Here are other main rules for proceeding with U.S. market development.

- Your company team should keep a faithful spirit.   I am not meaning religiously, but rather belief in and respect for investors, employees and customers.  This faithfulness includes confidence for highly persistent problem solving in designing and building new and better solutions.

- Your company has to be properly financed.   Costs, especially salaries, are many times higher in Western Europe and the U.S. than in Poland.   That must be respected, with pay and benefits for people that is normal and not cheapened, so your team is built on a stable basis with good people and good attitude.

- Your product must solve an important problem, or create important behavioral change, e.g. in choice of entertainment or social activity, for a scalable volume of users.  Important is defined as people are willing to pay for it.

- There must be a scalable business model that is initially revenue-based with a credible path towards sufficient profit.   Scaling of use with no assurance of revenue or profit is a wasteful non-sustainable exercise.

- You should recruit knowledgeable users who will be beta users, frequent users, provide strong references, explain why your product is better, and offer good feedback to help make your product better.
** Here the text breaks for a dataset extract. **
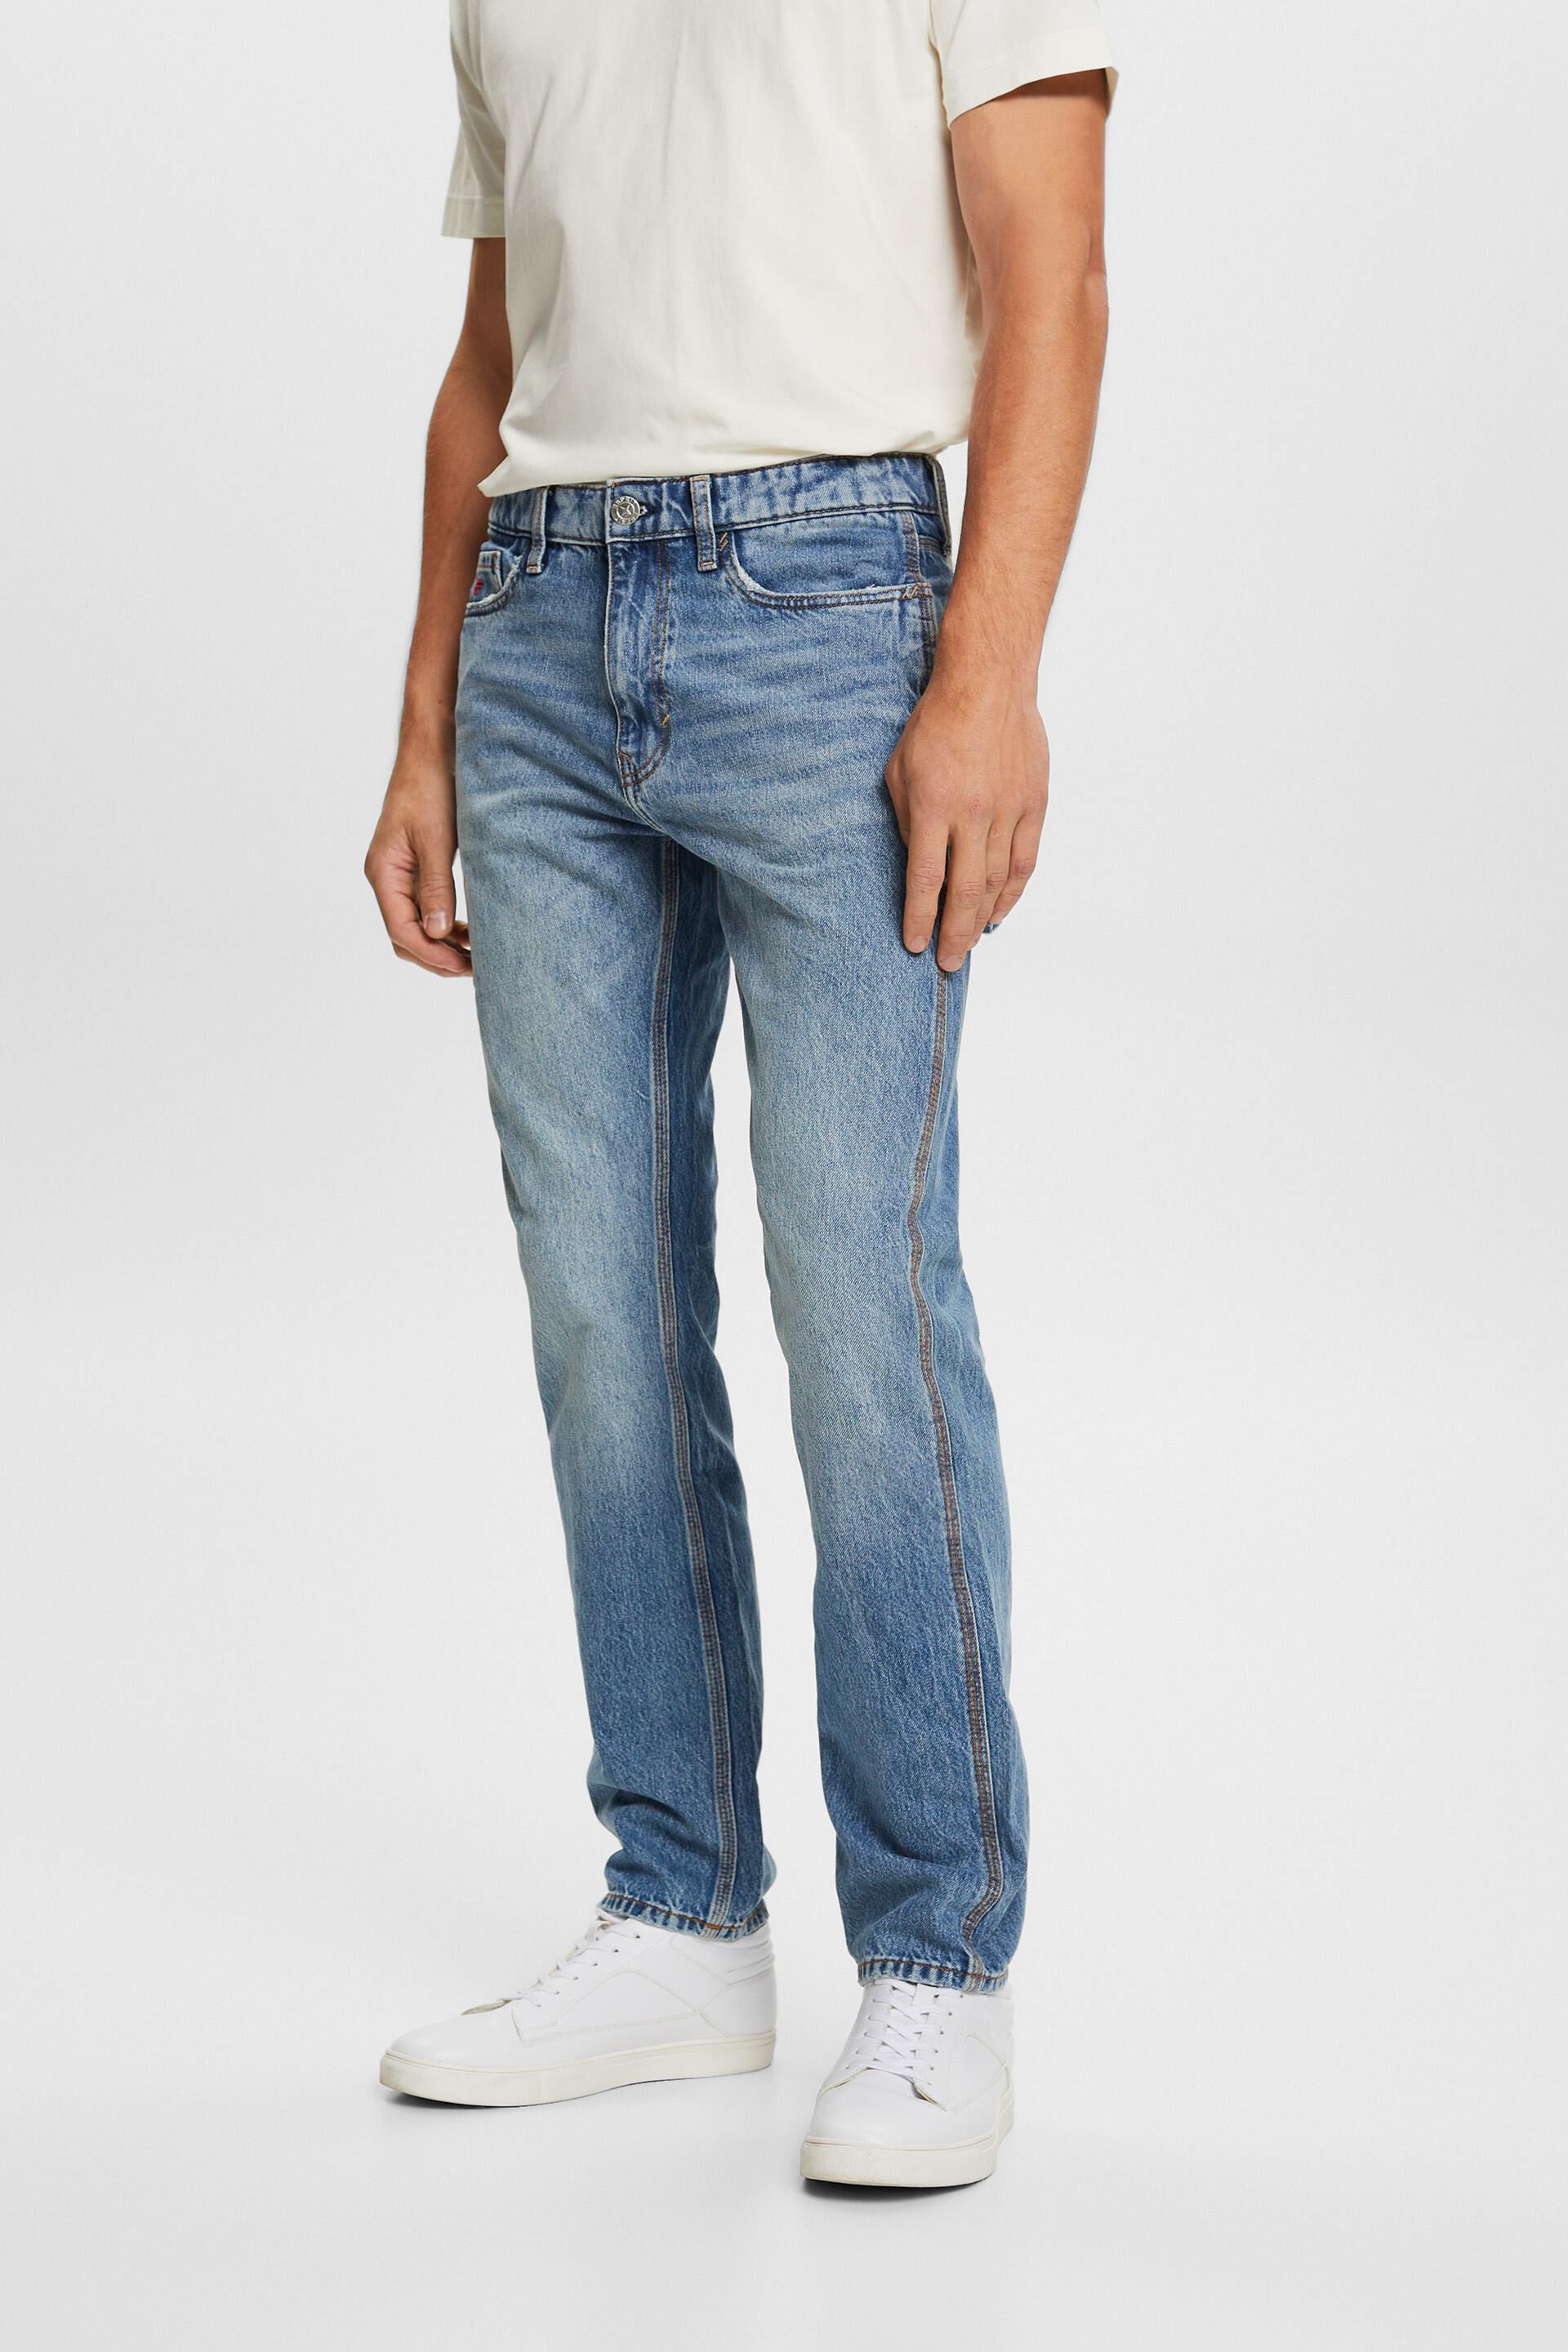 Esprit 100% jeans, cotton straight fit Carpenter

- You will need what is often called wow, pizazz, or chutzpah in your public relations (PR) and user community in order to establish momentum.

Stepping back for a moment to observe the environment for tech ventures in Poland, it is essential that universities and municipalities enable and not impede.  Inevitably in academia and government there can be disdain or jealousy for businesses.   This has to be carefully managed and controlled by university and municipality leaders.   When there is a success, more of the university and city need to feel a part of it.   In truth, it is one’s culture of family, education and civic community that gives rise to the abilities of business people.    Great examples are in Silicon Valley, with Stanford and UC Berkeley having for many decades been proud of their “economic offspring”.   Recently these universities even commenced their own incubator investment funds to further enable tech ventures of their students and faculty.

So back to USPTC.   USPTC offers educational courses, and can help you find and bring together the right people resources for your U.S. and global efforts.   They can help you find globally smart people specific to your business sector, as well as service professionals in areas such as legal and accounting.    USPTC and their referred professionals are accountable to you.   USPTC is also about being part of the Poland-U.S. and Europe-U.S. business community.   At their many events, it is about giving back and sharing your gained wisdom, as others will also share the same with you.

See you in Silicon Valley or Poland, becoming globally smarter.

Mr. Clay A. Bullwinkel is Founder and CEO, Silicon Valley Flow LLC, an advisory firm in IT general management, product development and management, and sales.  He is a former executive of 3Com and Hewlett Packard, and a co-founder and member of Board of Directors of the U.S. Poland Trade Council.   He has his B.A. and M.B.A. degrees from Stanford.  Since 1983 his work has involved Poland.